▶ What is expected: For the data below, retype word for word the lines from the one containing "Event Manager and" through the one containing "Breitling Navitimer Chrono"; drop the pictures.

▶ Provided records:
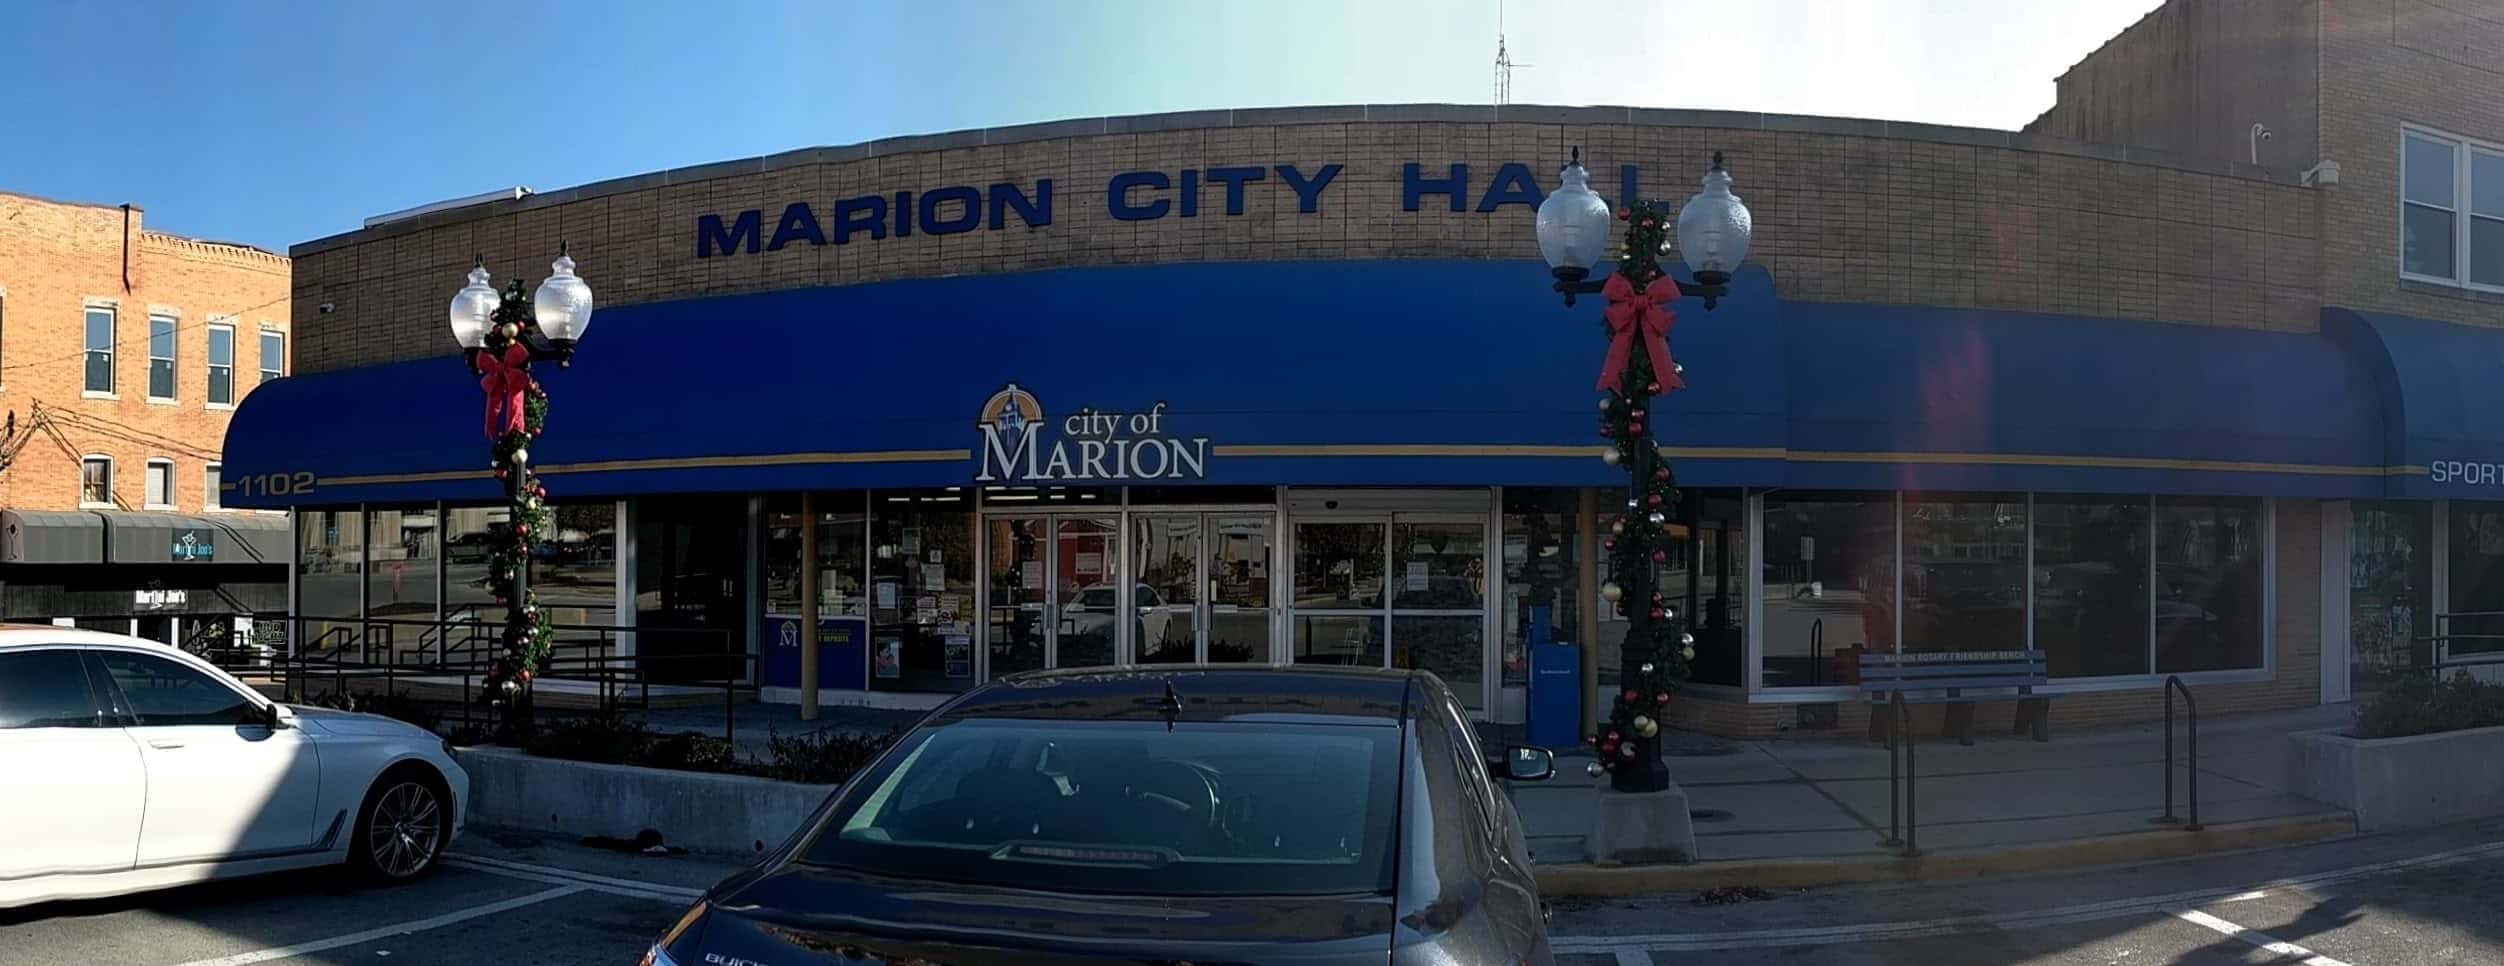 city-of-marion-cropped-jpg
---
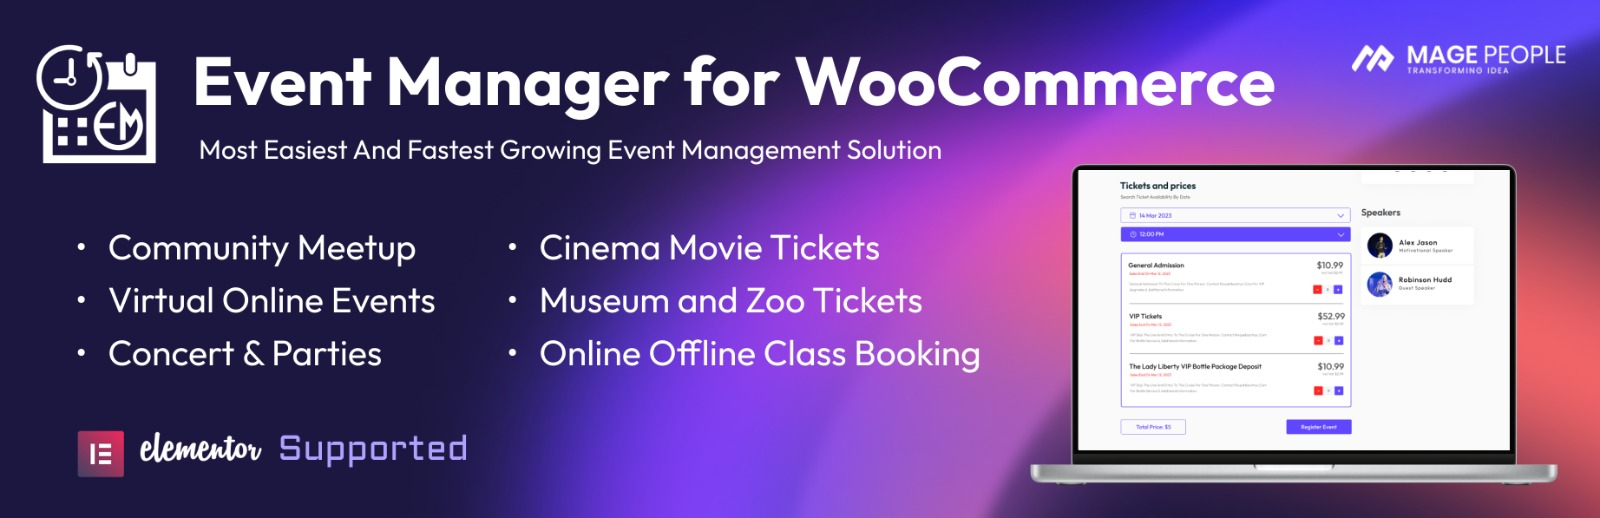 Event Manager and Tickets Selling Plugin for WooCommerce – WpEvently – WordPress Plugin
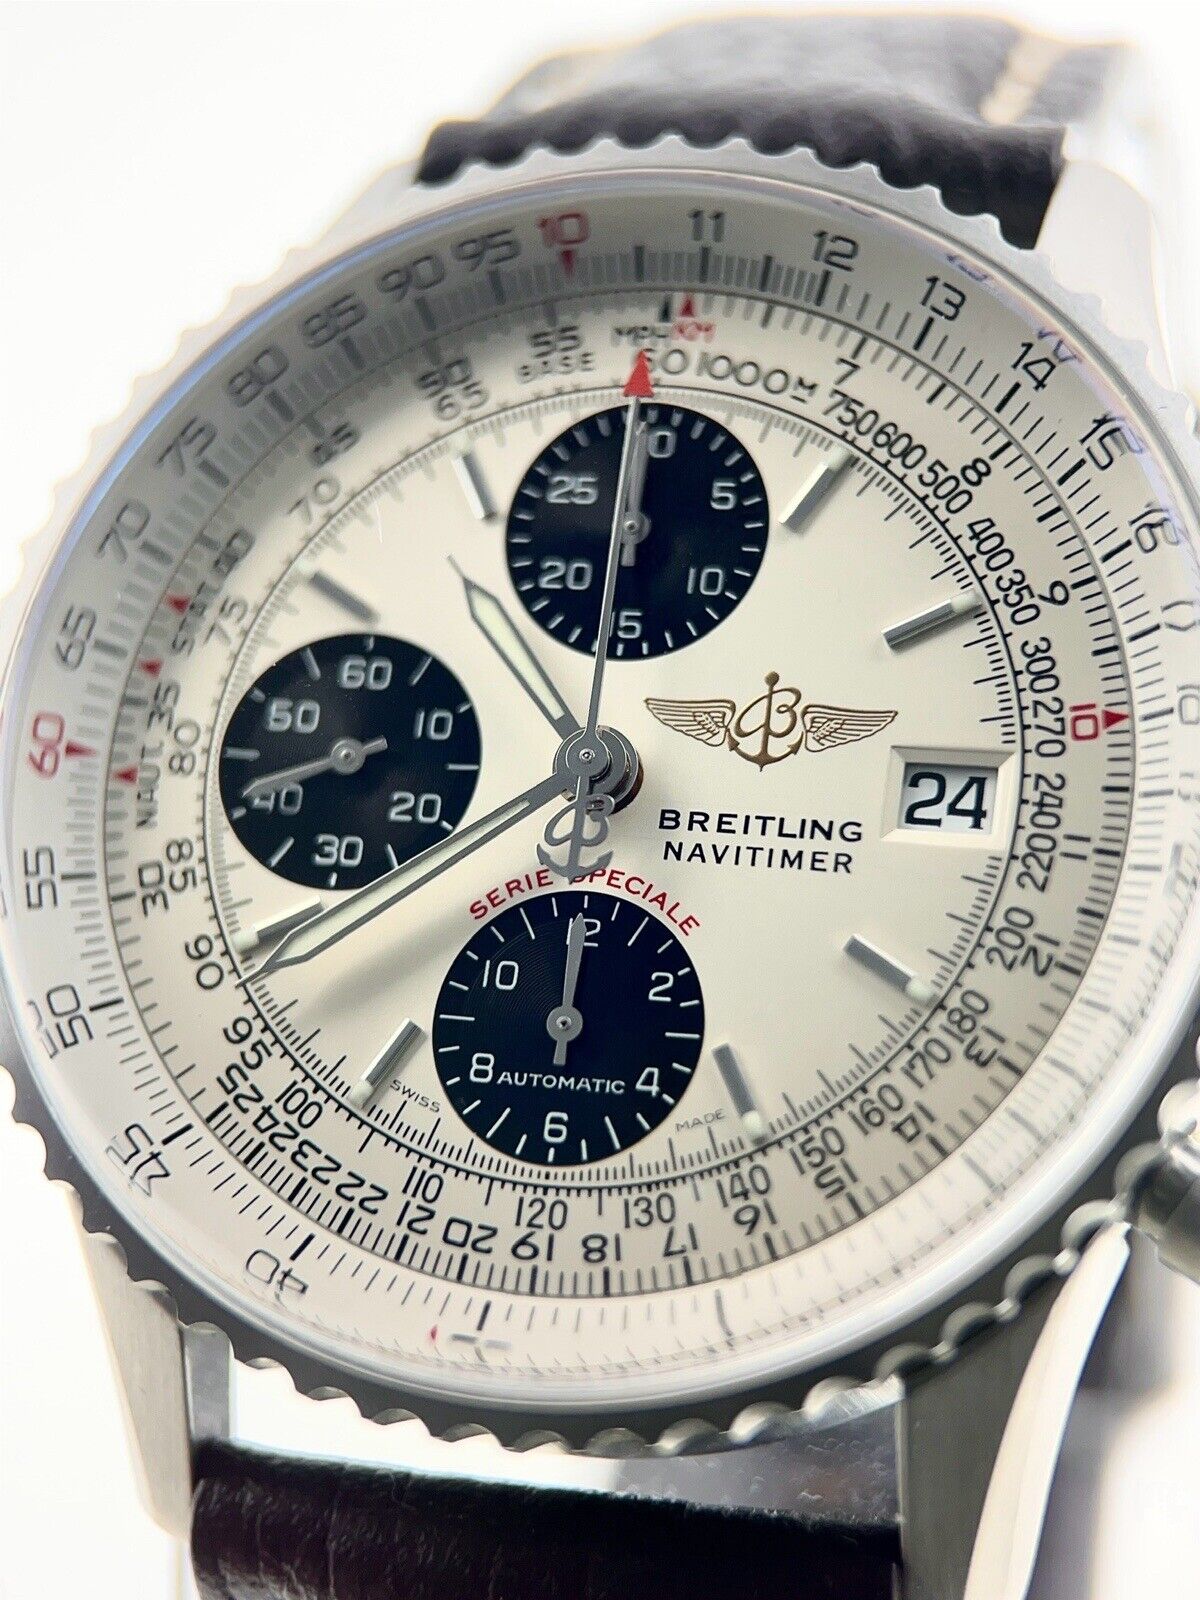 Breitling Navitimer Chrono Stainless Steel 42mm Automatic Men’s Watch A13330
--
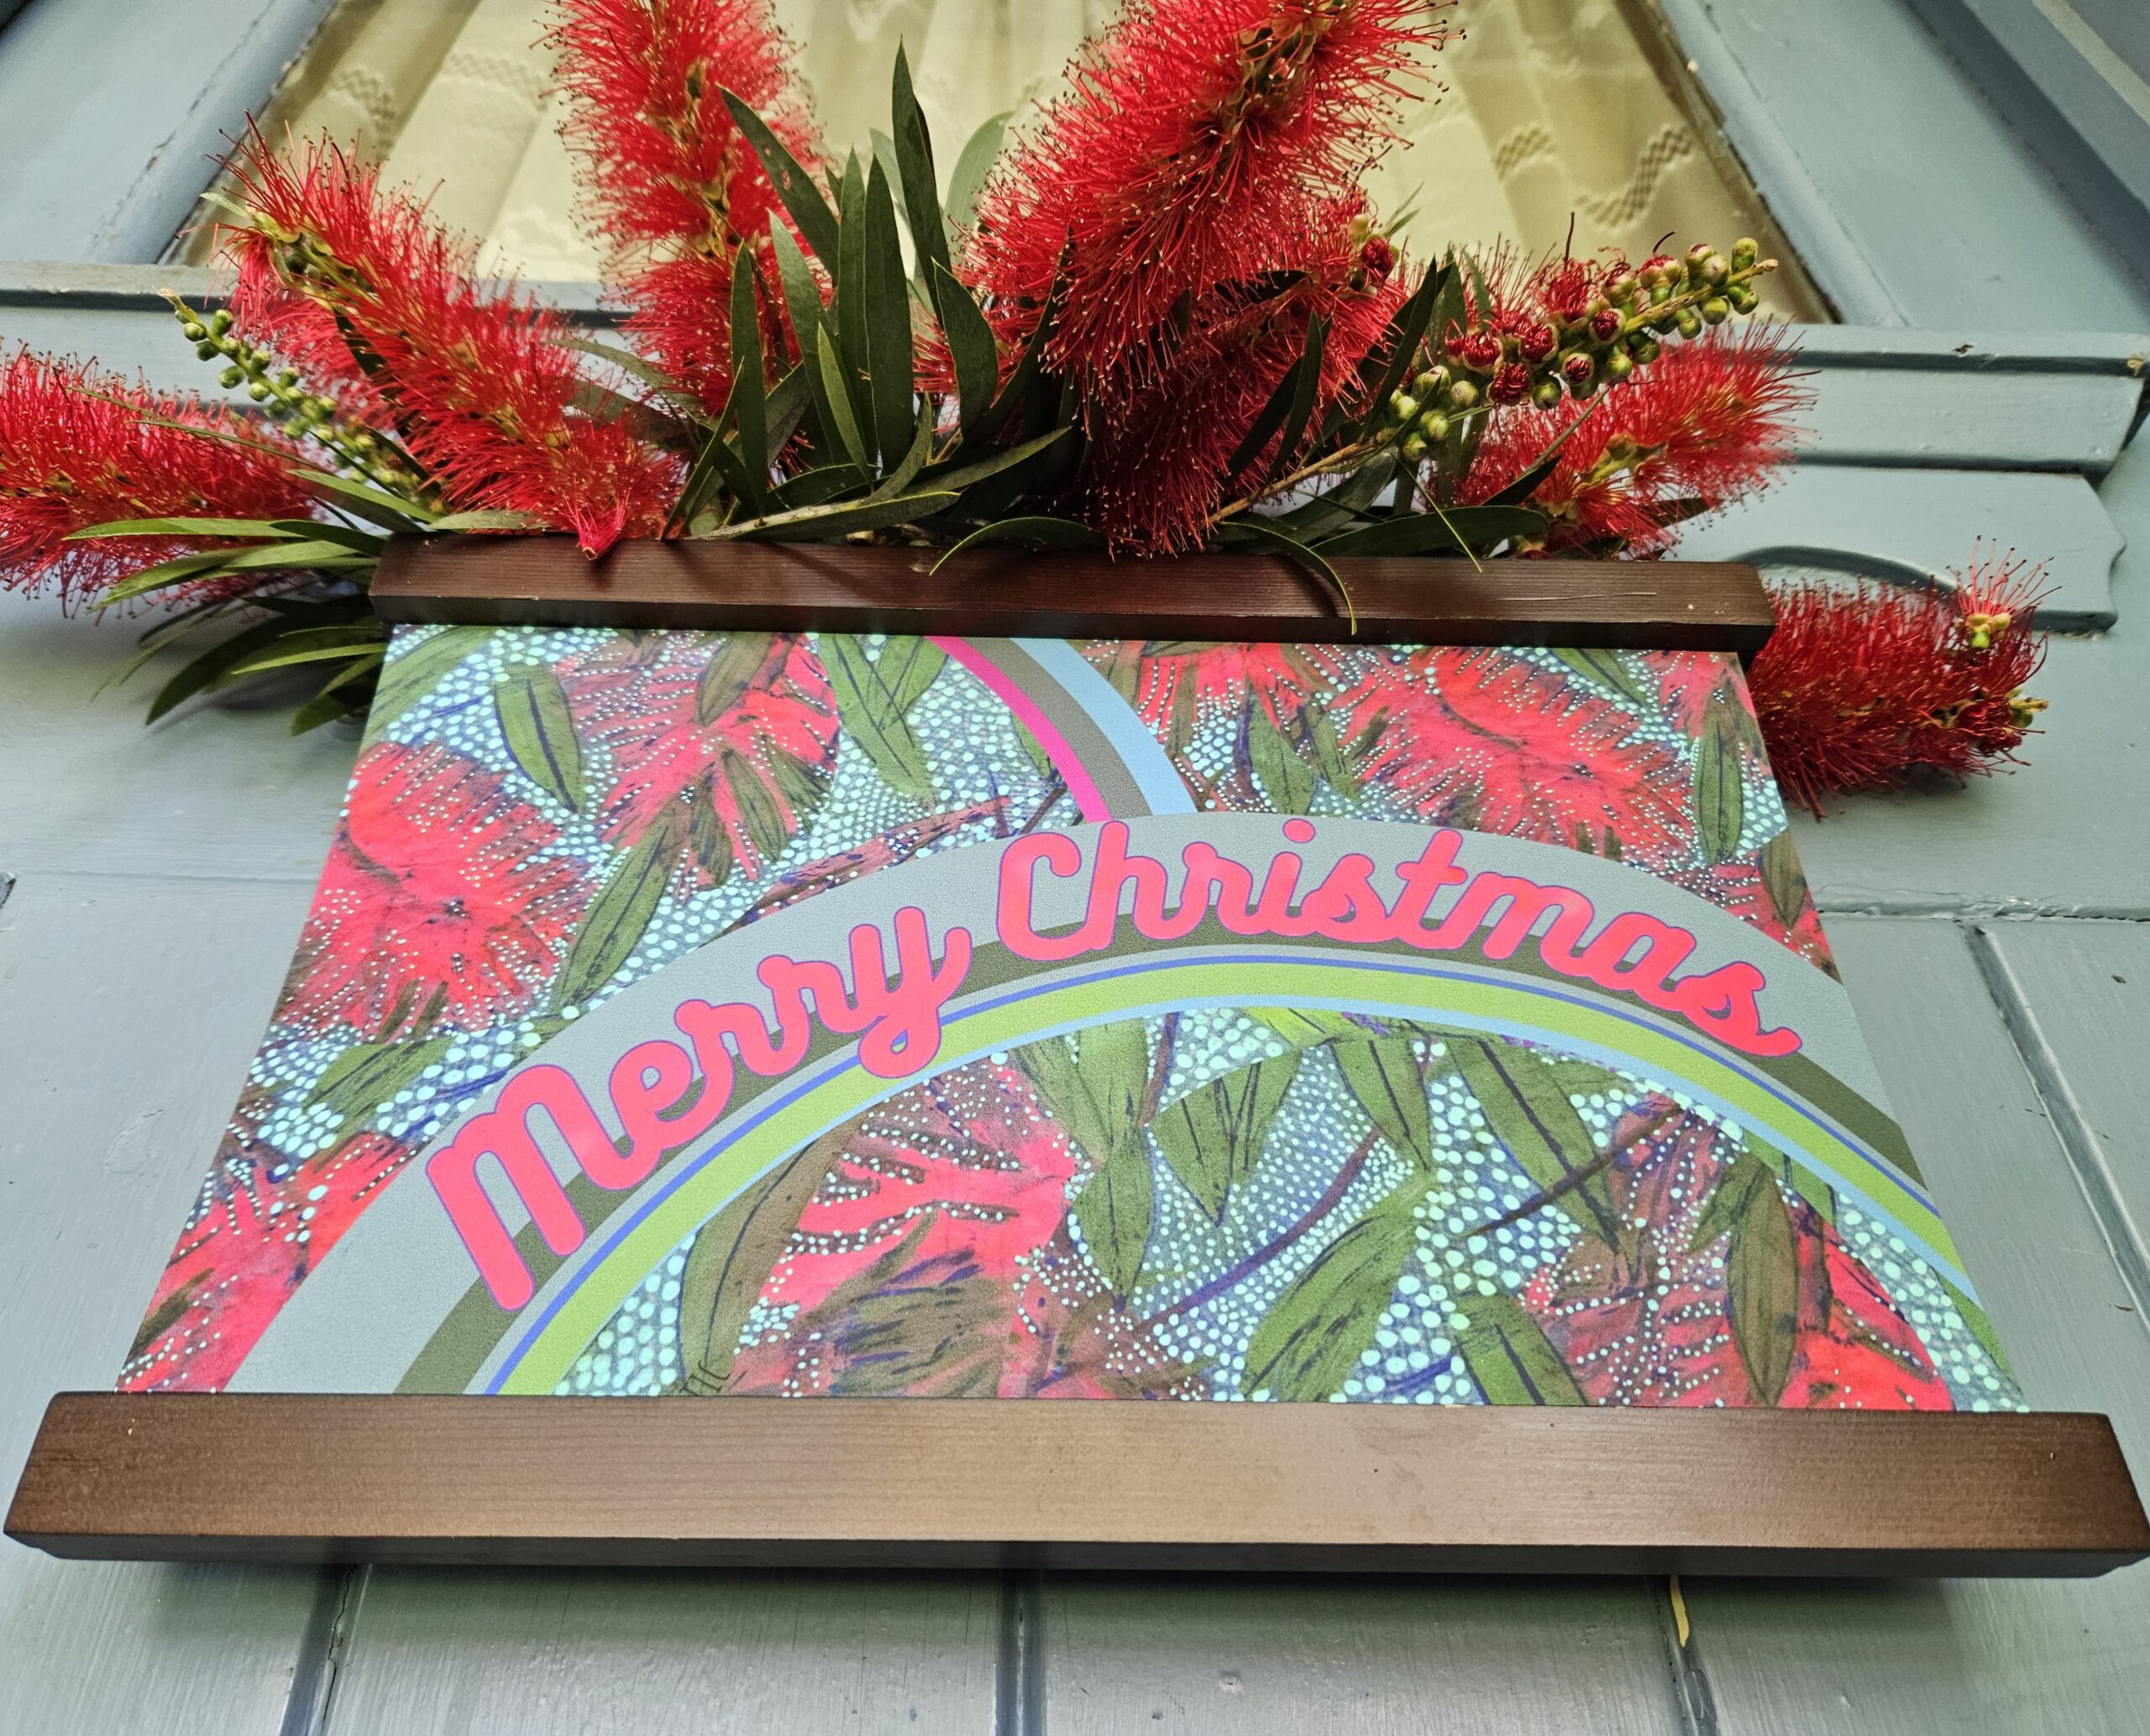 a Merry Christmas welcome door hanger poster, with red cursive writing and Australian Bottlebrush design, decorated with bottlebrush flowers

▶ Your solution:
 Event Manager and Tickets Selling Plugin for WooCommerce – WpEvently – WordPress Plugin
 Breitling Navitimer Chrono Stainless Steel 42mm Automatic Men’s Watch A13330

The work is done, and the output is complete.